Specific methods to dissolve ozone into water include:

 1. Bubble diffusers. A bubble diffuser is made from a porous material such as ceramic or titanium. Ozone gas from the generator is pushed through the small pores in a diffuser installed at the deepest point of a contact vessel. This produces minute ozone bubbles at the surface of the diffuser.

 Small bubbles have a larger surface area than fewer, larger bubbles and thus increase ozone mass transfer. Fine-bubble diffuser contactors require a positive pressure feed from the ozone system. They depend on the height of the water column above the diffuser to provide contact time. Water columns near 20 feet high are required to achieve greater than 90 percent mass transfer of ozone.

 These systems have no moving parts, provide more efficient mass transfer of ozone and create no additional energy requirements, but they require cleaning and deep tanks.

 2. Injectors. Water flowing rapidly through a small orifice in the injector creates a partial vacuum to pull ozone gas into the water stream. Injectors can use either negative or positive pressure, but they're very effective when operating at a negative pressure and with low gas-to-water flow ratios.

 To select the right injector, consider the available water pressure, the volume or flow of water to be treated and the ozone dosage required. The injector should also be constructed of ozone-resistant material.

 Venturis, like diffusers, have no moving parts and don't require cleaning. They require energy, in the form of differentail pressure across the injector, to operate. They may be installed in full- or side-stream configurations to attain efficiencies of greater than 90 percent mass transfer.
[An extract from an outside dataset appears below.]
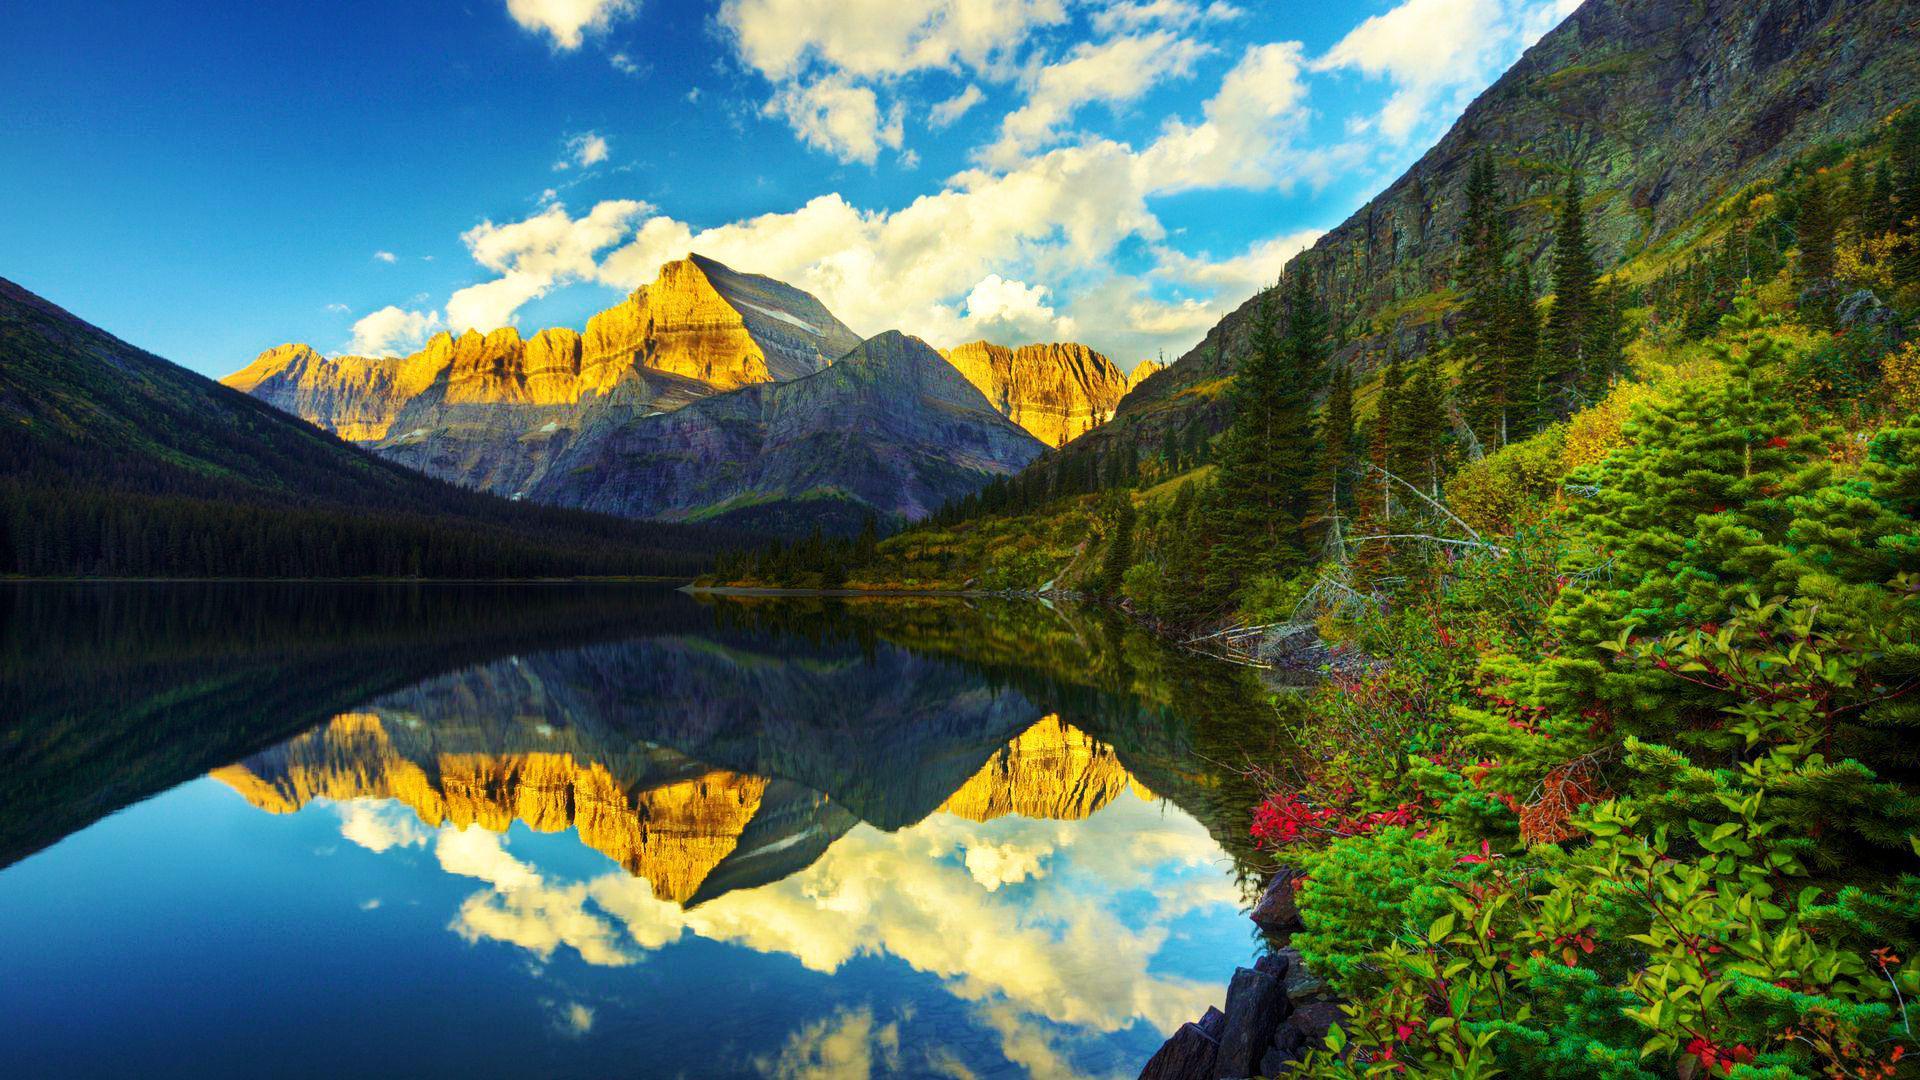 Glacier National Park Backgrounds, Compatible - PC, Mobile, Gadgets| 1920x1080 px

 3. Packed columns. These are tanks packed with a material that causes turbulence in water flowing through them. This turbulent flow causes ozone bubbles introduced into the column to be broken up and thoroughly mixed, leading to improved ozone gas transfer.

 When seeking a packed column, consider the hydraulic pressure losses associated with it and whether it's constructed of ozone-resistant materials. Packed columns contain no moving parts and require little maintenance, but require increased energy to achieve desired flow rates. Packing material may also attract a chemical scale build-up, resulting in head loss.

 4. Reverse flow columns. These inject ozone gas into a column through which water flows in the opposite direction. They increase the amount of ozone contact time and ozone transfer. They can also be used as degassing chambers, but require the right water velocity to operate properly.

 5. Spray chambers. A spray chamber pressurizes the liquid and sprays it into an ozone-rich atmosphere. These systems are suitable for applications involving rapid reactions, such as oxidation of iron and manganese. They provide a relatively short contact time.

 6. Static mixers. These create water turbulence by directing water flow over a series of baffles. They're sometimes used in conjunction with an injector. To select a static mixer, consider the acceptable pressure drop and available water velocities. The systems have no moving parts, but create pressure drop.

Don't Jump to Conclusions

The key to applying an ozone-based system is to view the application in its entirety. Use reliable equipment from a reputable organization, establish rigorous system monitoring and preventive maintenance procedures, and provide responsive service and maintenance. 

Benefits can vary based on the application. Ozone isn't industry-specific; it's compatible with a broad range of operational requirements. While the means by which water quality goals are achieved may vary from one job to the next, the end result will be the same: expanded capacity, financial savings and better overall water quality.

Paulette Scoville is consumer education coordinator and marketing manager for DEL Industries, San Luis Obispo, CA. Daniel Erickson is the company's head of engineering and designer of its commercial/corona discharge water treatment systems.